Updike, who succeeded in “giving the mundane its beautiful due”, will be missed by many. And as one born under the mark of Martin Amis, I can’t help but think there should be a place for an era-defining novel like Money. There’s a pang, too, for McEwan’s Atonement, which held me in its spell as fervently as LP Hartley’s 1953 The Go-Between (to which it owes a debt), which scrapes in at 99. Maybe these writers are just too recent: Amis only died in 2023, after all.

Graham Greene
Graham Greene’s devastating 1951 novel The End of the Affair makes it in. Photograph: Harold Chapman/TopFoto

The same might be true of the now unfashionable postwar writers: there’s no CS Lewis, William Golding or Tolkien (The Lord of the Rings was the nation’s favourite in the BBC’s Big Read). No Angela Carter, Penelope Fitzgerald or Iris Murdoch. But this is bearable because Muriel Spark’s peerless The Prime of Miss Jean Brodie and Graham Greene’s The End of the Affair – two sticks of dynamite – both make the grade. As does Australian Shirley Hazzard’s The Transit of Venus, which took her 27 drafts, apparently, and may take as many readings to fully understand.

But where is Nancy Mitford’s glittering 1945 The Pursuit of Love, which deserves a place for its last two lines alone? The comic novel, like science fiction and crime, rarely fares well in bookish horse races.
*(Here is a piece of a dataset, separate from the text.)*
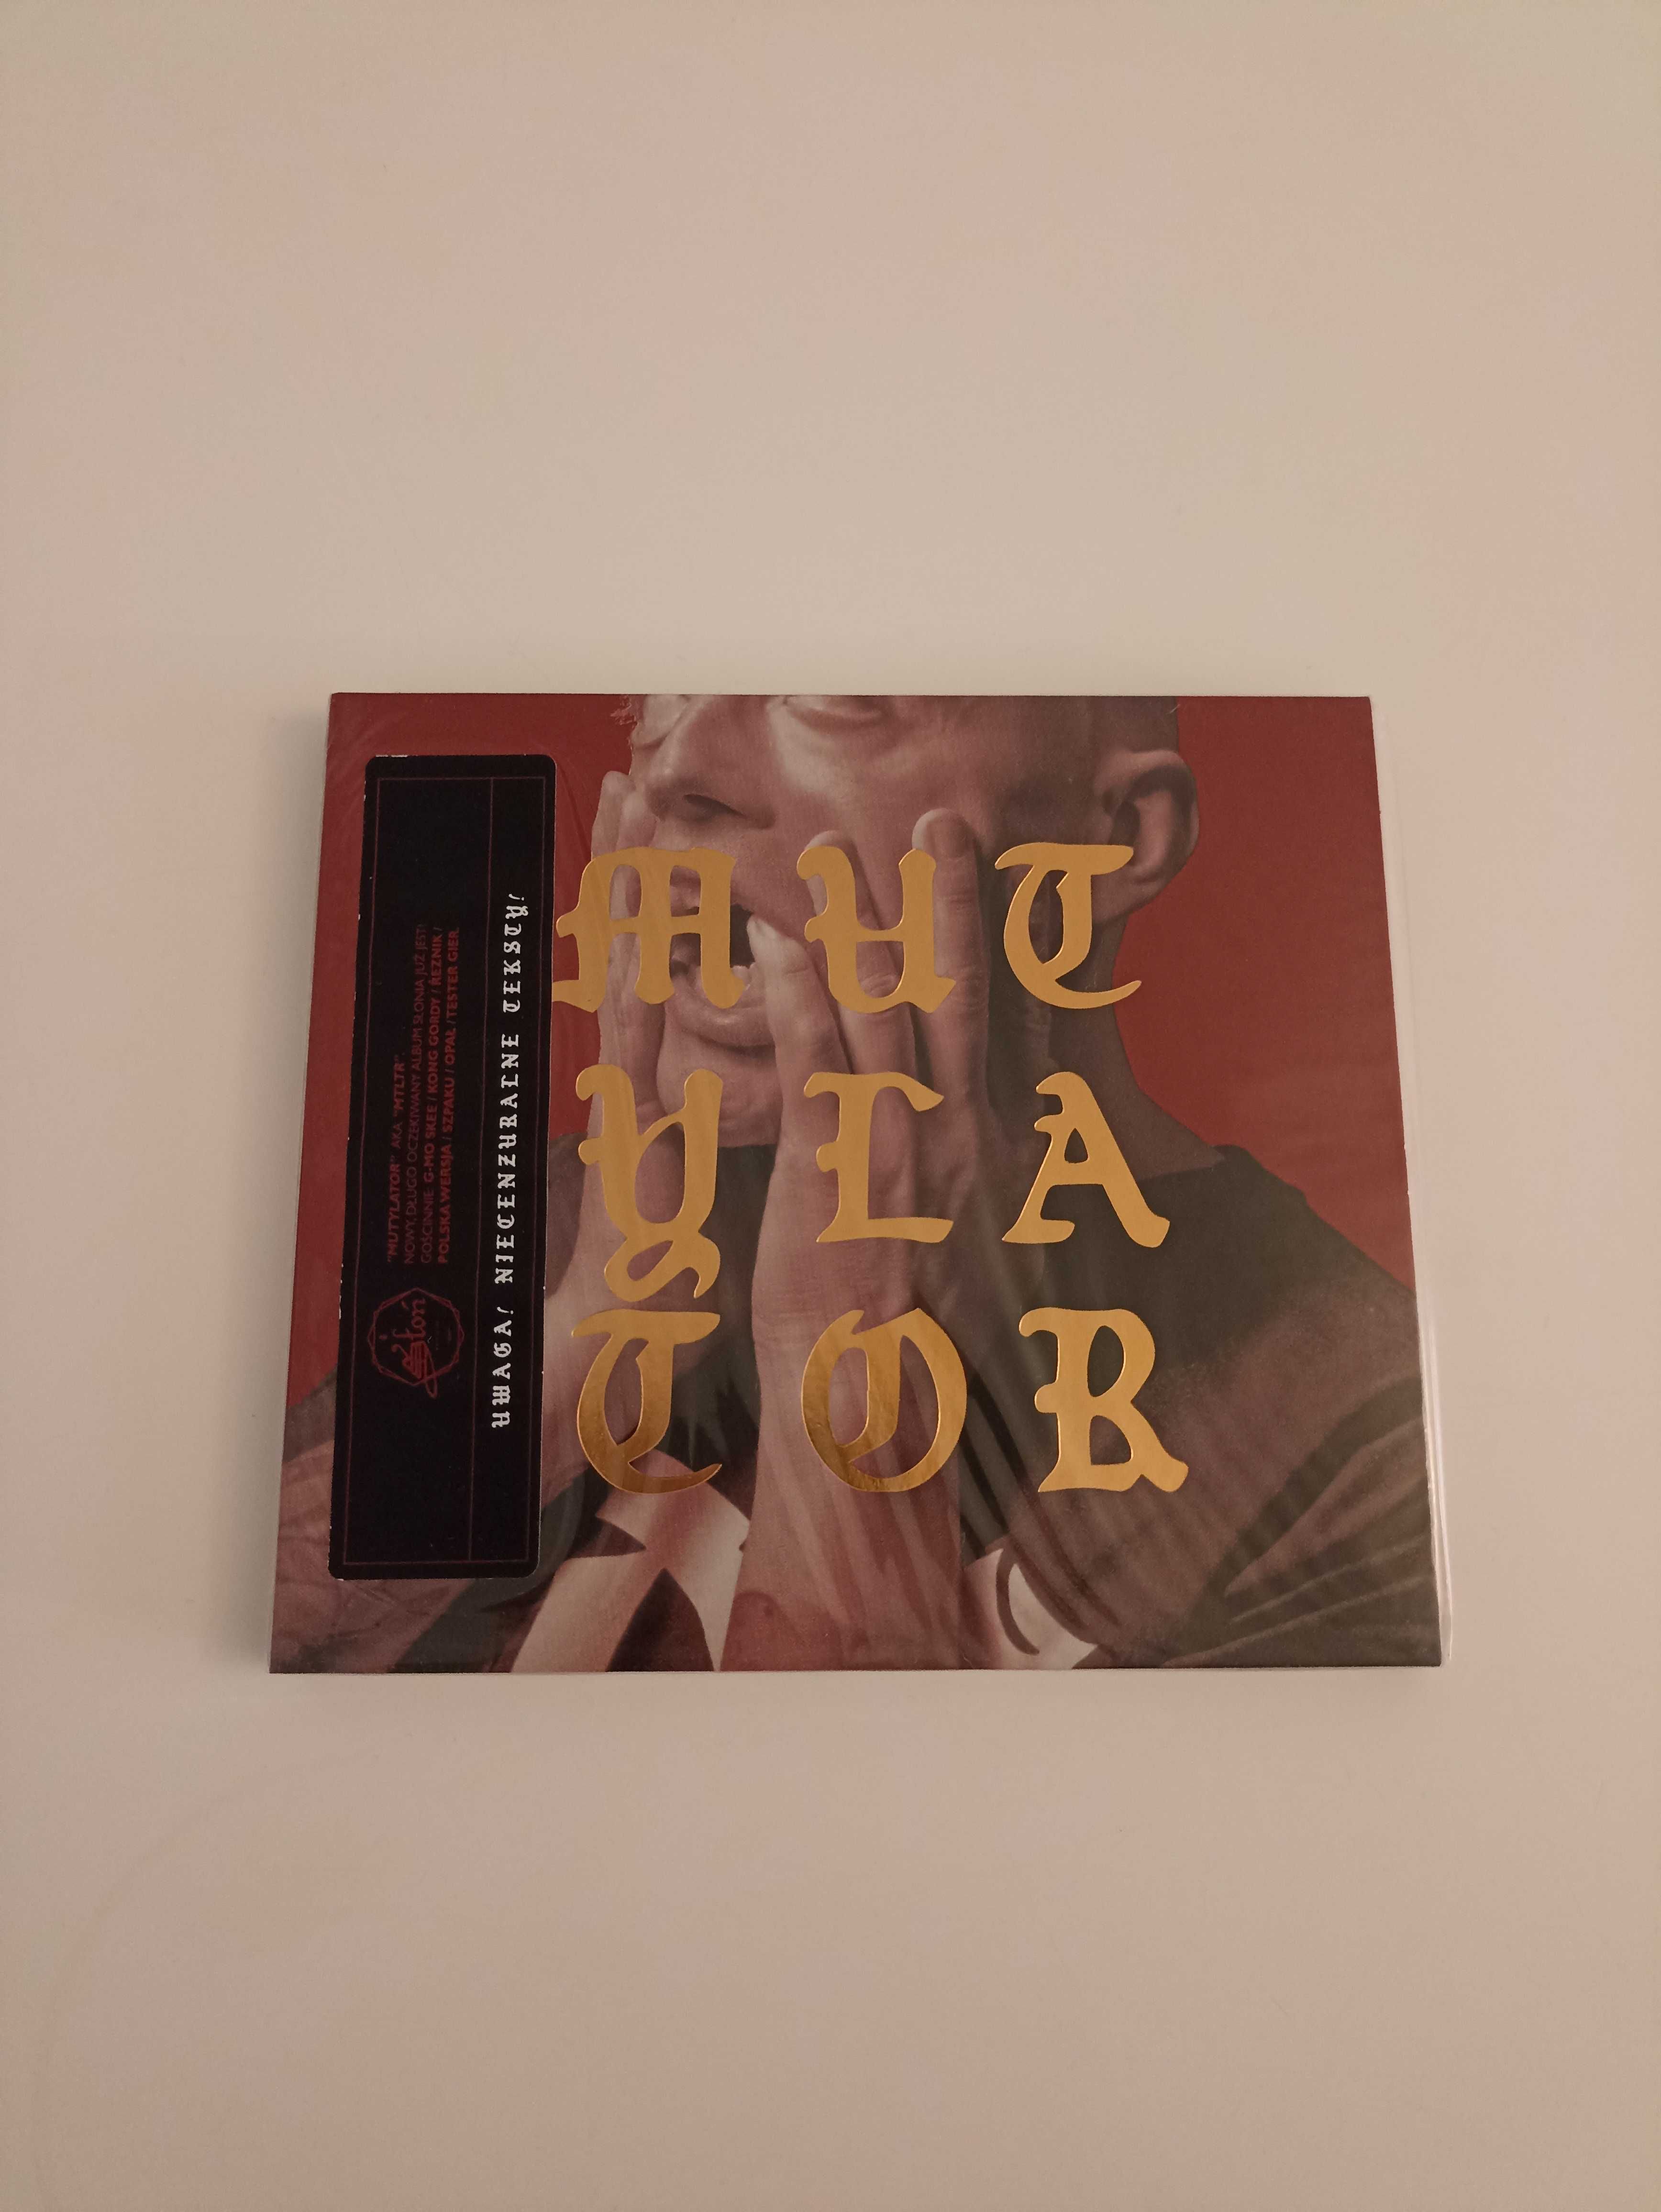 Słoń - Mutylator - Płyta CD, nowa w folii

Patricia Highsmith makes the cut, but not John le Carré – or Stephen King, for that matter. Happily, for her devoted fans, Ursula K Le Guin is recognised for The Left Hand of Darkness, with which, according to the critic Harold Bloom, “Le Guin, more than Tolkien, has raised fantasy into high literature, for our time”. There are no children’s novels, either – no Wind in the Willows, Charlotte’s Web or Harry Potter. It is a very grown-up list.
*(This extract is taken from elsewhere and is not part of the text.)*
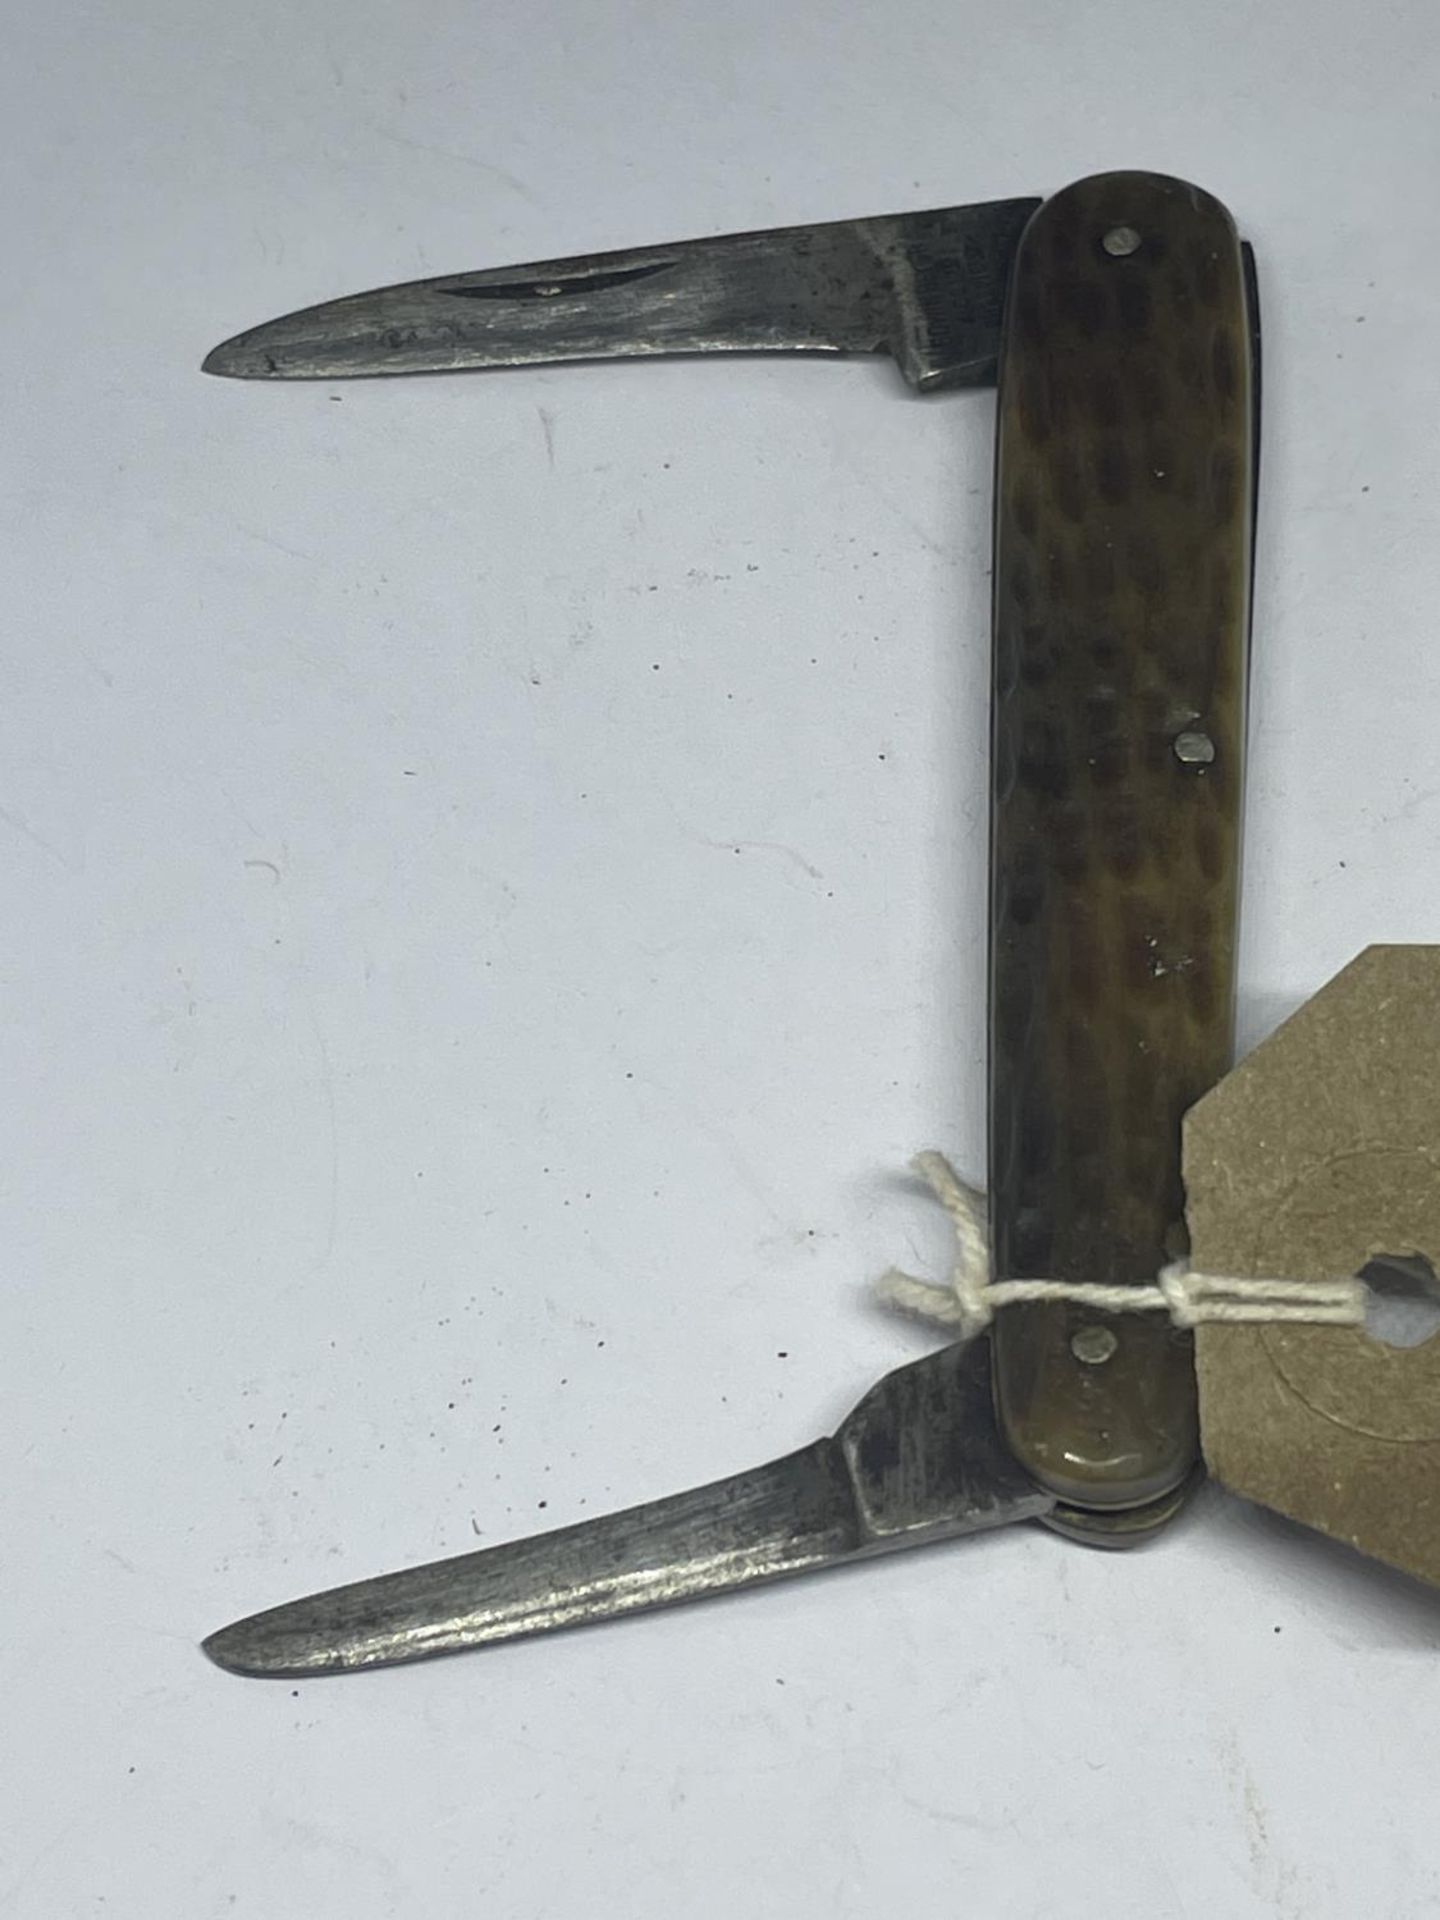 AN EDWIN BLYDE & CO LTD SHEFFIELD POCKET KNIFE

“Best” demands not just excellence but supremacy, “surpassing all others” (OED). Is The Handmaid’s Tale better than Little Women (not in), both seminal feminist texts? Is The Color Purple better than To Kill a Mockingbird (another surprise omission)? Is David Copperfield better than The Catcher in the Rye (ditto)? Clearly there is no right answer.
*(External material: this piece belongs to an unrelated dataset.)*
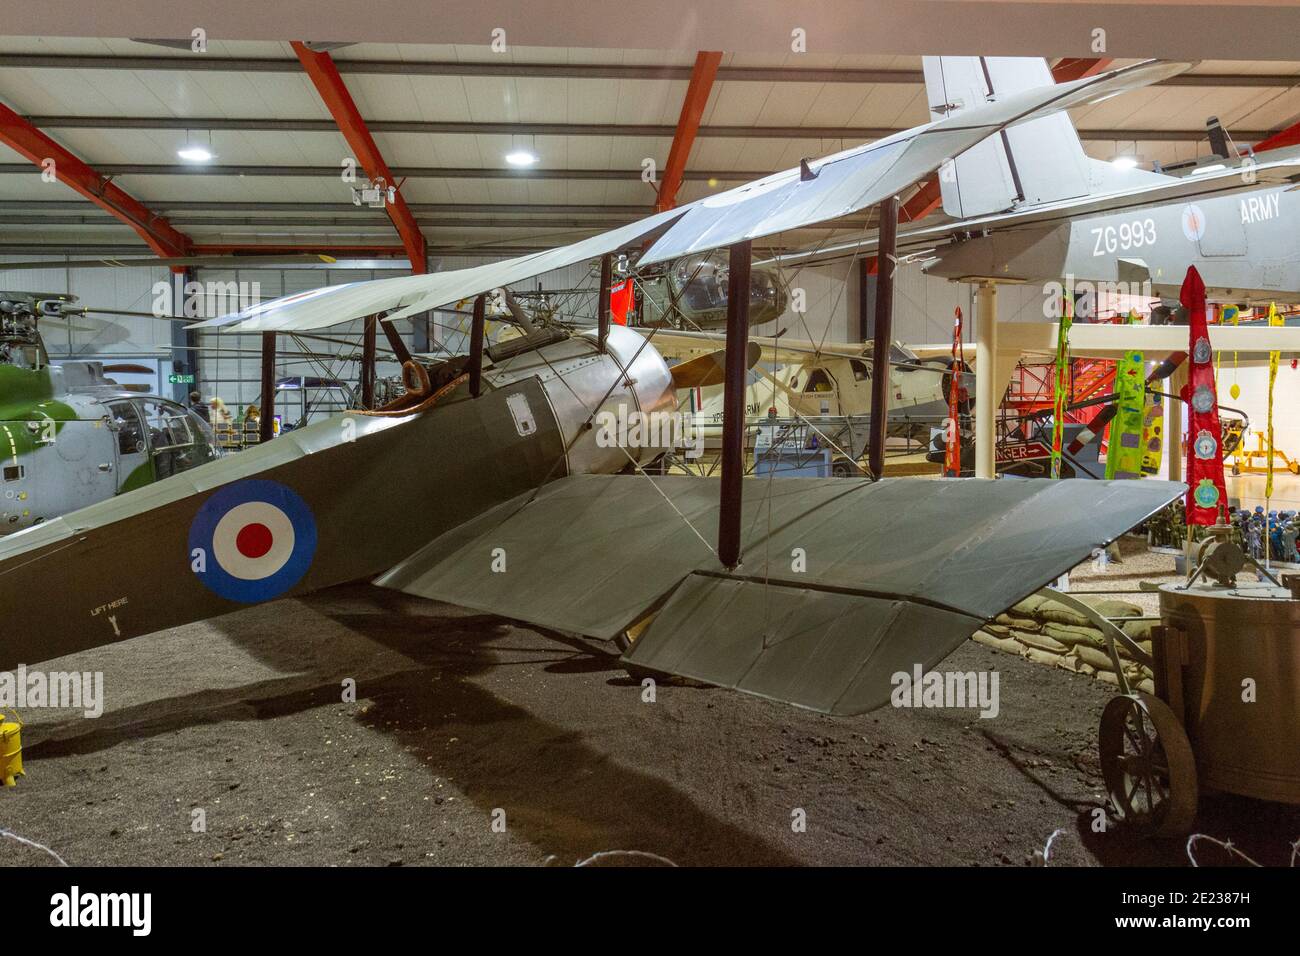 Ein Sopwith Pup Scout-Flugzeug, das im Army Flying Museum, einem Military Aviation Museum in Stockbridge, Hampshire, Großbritannien, ausgestellt ist. Stockfoto

Who might be on a list in 2036? A writer from the past who deserves more recognition – Nella Larsen, perhaps; someone who is rejuvenating the form for a modern readership – Sally Rooney, say; or those rewriting history from a different perspective, such as Colson Whitehead and Percival Everett. And perhaps an as yet unknown Mary Ann Evans (George Eliot’s real name), toiling over a Middlemarch for our century.

Until then, this is a list of the best novels of all time, chosen by many of the best writers of our time. I hope your favourites are here. Lists are designed to inspire and enrage. And if you hate them all, don’t blame me, blame David Nicholls or Stephen King.